I'm using the Stack Exchange Data Explorer to learn SQL, but I think the fundamentals of the question is applicable to other databases.
I'm trying to query the Badges
table, which according to Stexdex (that's what I'm going to call it from now on) has the following schema:
- Badges
- Id
- UserId
- Name
- Date
This works well for badges like [Epic]
and [Legendary]
which have unique names, but the silver and gold tag-specific badges seems to be mixed in together by having the same exact name.
Here's an example query I wrote for [mysql]
tag:
SELECT
UserId as [User Link],
Date
FROM
Badges
Where
Name = 'mysql'
Order By
Date ASC
The (slightly annotated) output is: as seen on stexdex:
User Link Date
--------------- ------------------- // all for silver except where noted
Bill Karwin 2009-02-20 11:00:25
Quassnoi 2009-06-01 10:00:16
Greg 2009-10-22 10:00:25
Quassnoi 2009-10-31 10:00:24 // for gold
Bill Karwin 2009-11-23 11:00:30 // for gold
cletus 2010-01-01 11:00:23
OMG Ponies 2010-01-03 11:00:48
Pascal MARTIN 2010-02-17 11:00:29
Mark Byers 2010-04-07 10:00:35
Daniel Vassallo 2010-05-14 10:00:38
This is consistent with the current list of silver and gold earners at the moment of this writing, but to speak in more timeless terms, as of the end of May 2010 only 2 users have earned the gold [mysql]
tag: Quassnoi and Bill Karwin, as evidenced in the above result by their names being the only ones that appear twice.
So this is the way I understand it:
- The first time an
Id
appears (in chronological order) is for the silver badge - The second time is for the gold
Now, the above result mixes the silver and gold entries together. My questions are:
- Is this a typical design, or are there much friendlier schema/normalization/whatever you call it?
- In the current design, how would you query the silver and gold badges separately?
GROUP BY Id
and picking the min/max or first/second by theDate
somehow?- How can you write a query that lists all the silver badges first then all the gold badges next?
- Imagine also that the "real" query may be more complicated, i.e. not just listing by date.
- How would you write it so that it doesn't have too many repetition between the silver and gold subqueries?
- Is it perhaps more typical to do two totally separate queries instead?
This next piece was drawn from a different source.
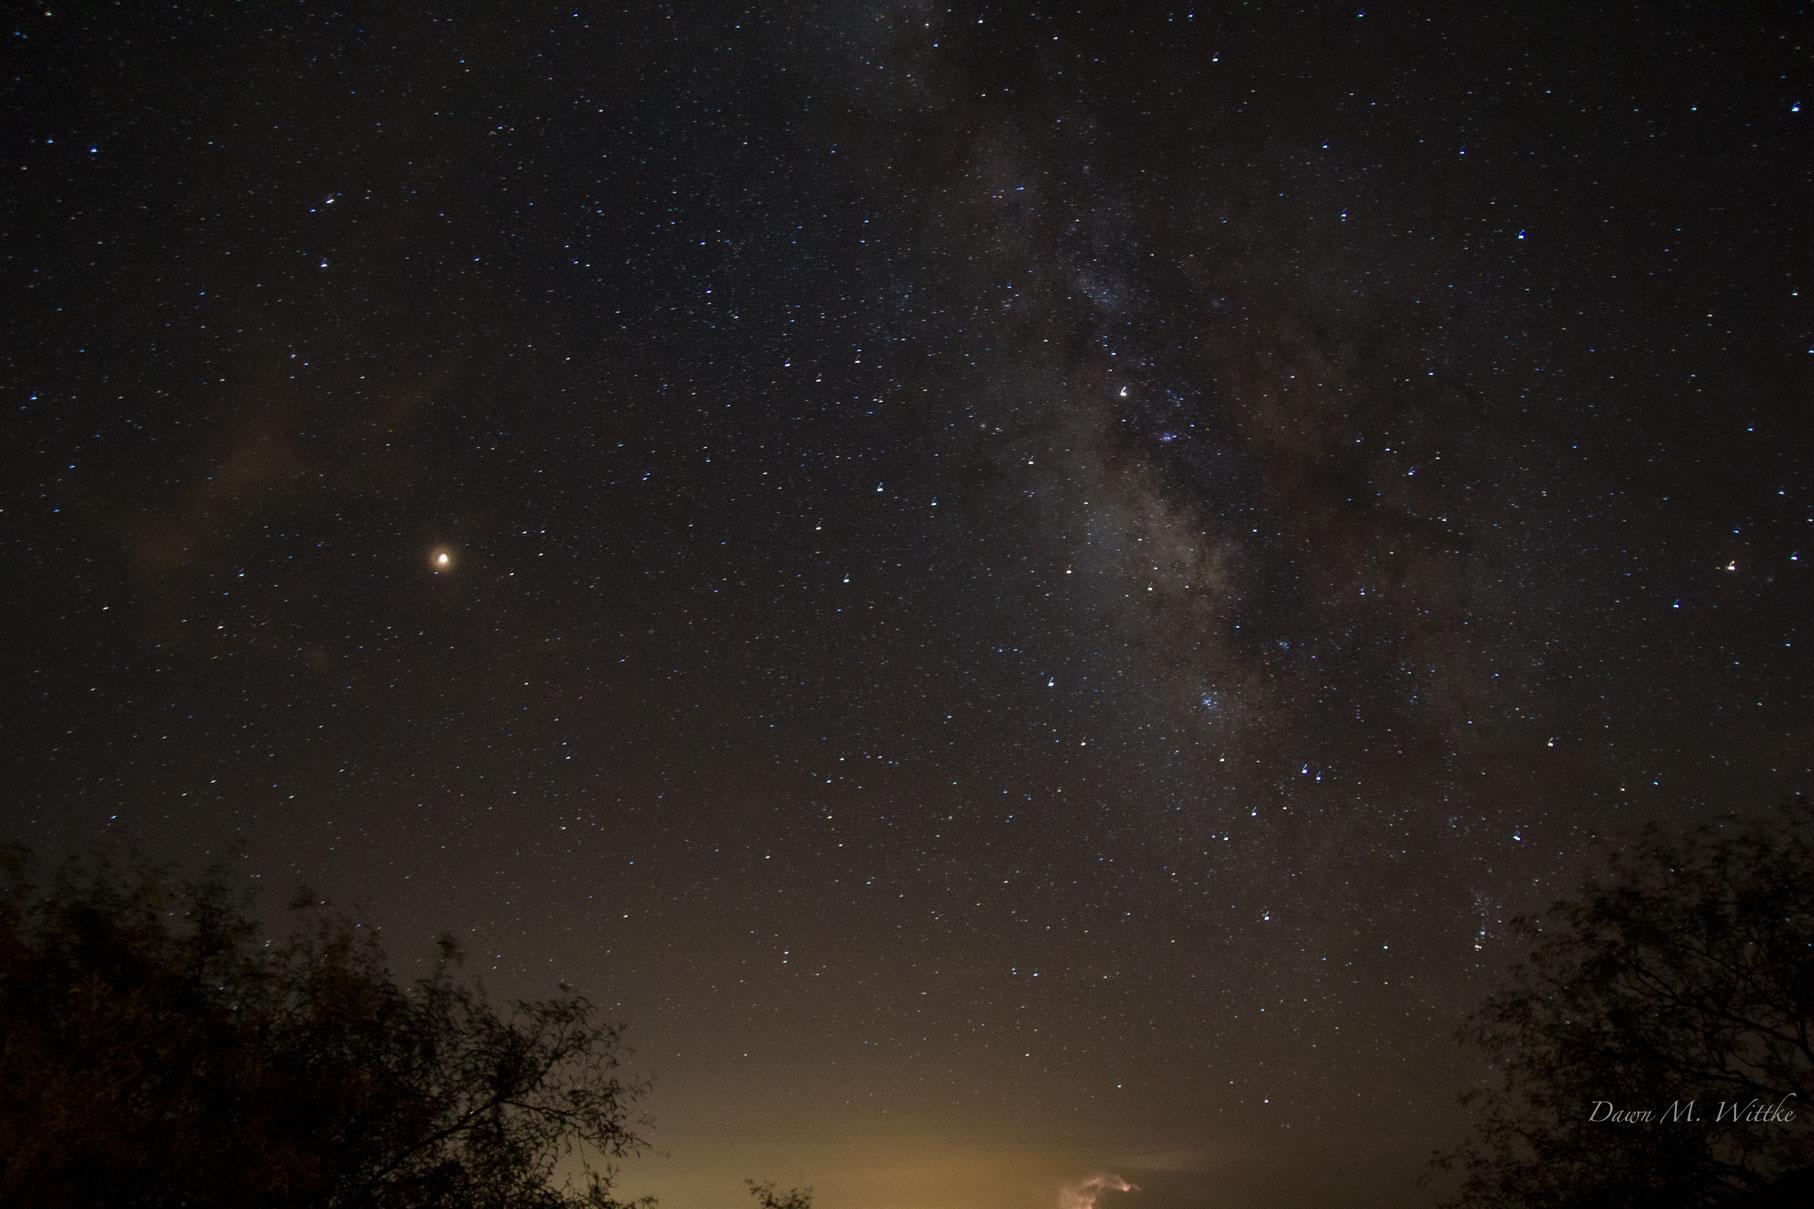 Milky Way & Mars    Photo by Dawn M. Wittke    Taken at Kartchner Caverns State Park, Arizona     .      .      .

- What is this idiom called? A row "partitioning" query to put them into "buckets" or something?
Requirement clarification
Originally I wanted the following output, essentially:
User Link Date
--------------- -------------------
Bill Karwin 2009-02-20 11:00:25 // result of query for silver
Quassnoi 2009-06-01 10:00:16 // :
Greg 2009-10-22 10:00:25 // :
cletus 2010-01-01 11:00:23 // :
OMG Ponies 2010-01-03 11:00:48 // :
Pascal MARTIN 2010-02-17 11:00:29 // :
Mark Byers 2010-04-07 10:00:35 // :
Daniel Vassallo 2010-05-14 10:00:38 // :
------- maybe some sort of row separator here? can SQL do this? -------
Quassnoi 2009-10-31 10:00:24 // result of query for gold
Bill Karwin 2009-11-23 11:00:30 // :
But the answers so far with a separate column for silver and gold is also great, so feel free to pursue that angle as well. I'm still curious how you'd do the above, though.